Who doesn’t love a big ol’ celebration? A wedding, Christmas, a 30th birthday. They’re all an excuse to get a bit silly, drink a bit too much prosecco and laugh an evening away with your nearest and dearest. Having something to celebrate helps set the right tone and create a jubilant atmosphere. Celebration, in short, is a really good idea.
But. It’s really easy to be a bit bad at it. To groan at a wedding invite or pull out of a birthday do. We might make a special effort for a wedding anniversary but when it comes to celebrating with friends (another hen do, seriously?) we can quickly lose enthusiasm.
Well, I have a radical suggestion. Firstly, that celebrating our friends is really important and will, if done properly, transform the quality and intimacy of your relationships. Secondly, if you make a point of celebrating the small things with them, the big things will become less of a chore.
Choose your friends worth celebrating with
Brutal but unavoidable. You don’t have enough time, energy or headspace to be a good, celebratory friend to everybody so narrow your field. Who sparks joy? Who makes you feel good about yourself? Who challenges you on the stuff that needs challenging and encourages the stuff that needs encouraging? Seek out the friends in your group who make your heart soar and give them more of your focus. Better to be a brilliant friend to few than a mediocre friend to many.
Find out what their love language is – and then speak it
Everyone gives and receives love in different ways () and figuring that out for you and your friends will genuinely change how well you love your friends.
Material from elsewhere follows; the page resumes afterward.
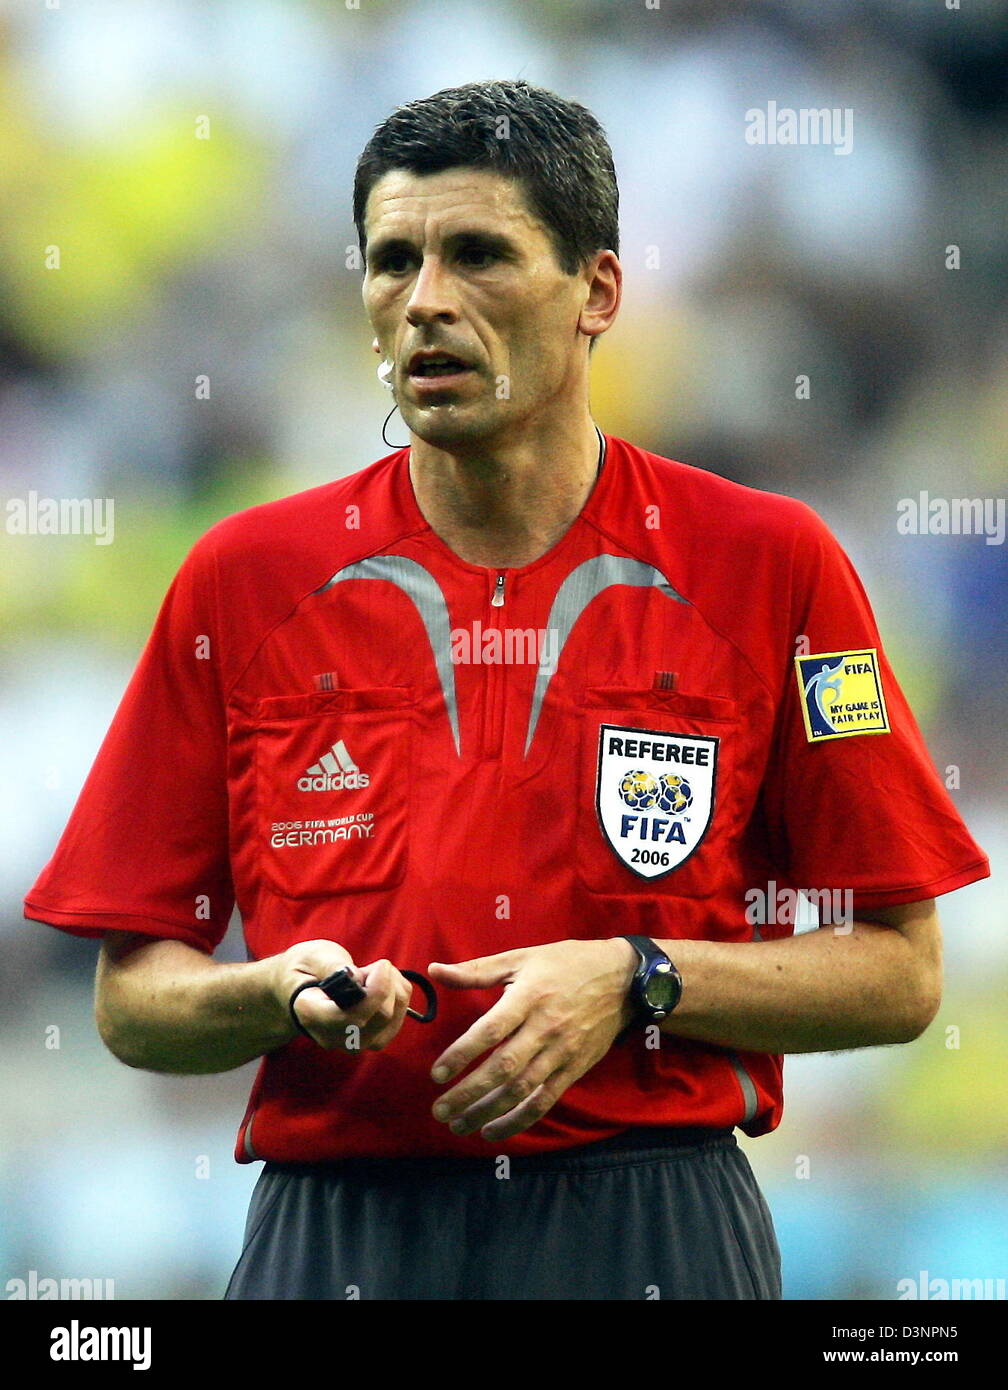 German referee Markus Merk shwon during the group F match of the 2006 FIFA World Cup between Brazil and Australia in Munich, Germany, Sunday, 18 June 2006. Photo: MATTHIAS SCHRADER +++ Mobile Services OUT +++ Please refer to FIFA's Terms and Conditions Stock Photo

My top two love languages are words of affirmation and gifts. Which means I need my friends to tell me that they love me and that they care. I also love messages, WhatsApps and phone calls. I also really value gifts and the thought that goes into them. However, I can do without quality time or acts of service. It sounds silly but these different ways of expressing love can have a radical impact on your relationships.
Figure out how your friends receive love and then give it to them that way. They might be quality time people and so really appreciate a coffee date or a weekend away or maybe it’s acts of service so dropping round a ready-made dinner during a hard week might speak to them. Or maybe it’s words of affirmation and so remembering that lovingly written birthday card might be key.
Make a big deal of the small things
The scary conversations with their boss, the nailing a recipe for the first time, the booking a weekend away. Small things are important and celebrating them is too. The joy of being intentional about a few friends is that you can be more intimately involved in their lives. You know which small things are actually really big things to them. You’re traversing the landscape of their life with them and so you’re there in the low points, ready to console and you’re also not only there at the high points but you’re also aware that it IS a high point. It makes it so much easier to have the champagne chilled and ready that way….
Catch up, face to face
Easier said than done but even if it’s only every few months it’s so important to connect face to face. To have those personal moments where you can squeal congratulations, make a big deal of their latest work win and order a second round just because they’re finally tackling their driving test or managed to put their foot down with their mother in law.
Book in a recurring date every six weeks or have a regular Thursday coffee. It makes a big difference.
Cherish “your things”
Your song. Your place. I have certain coffee shops that are my go to with certain friends. Just as my husband and I have “our places”. These rhythms of regular places help add a framework, a solidarity to your relationships. They’re glistening pillars that help mark your journey and remind you of conversations and celebrations passed.
In short, celebrate the hell out of the people you love and do it with intention.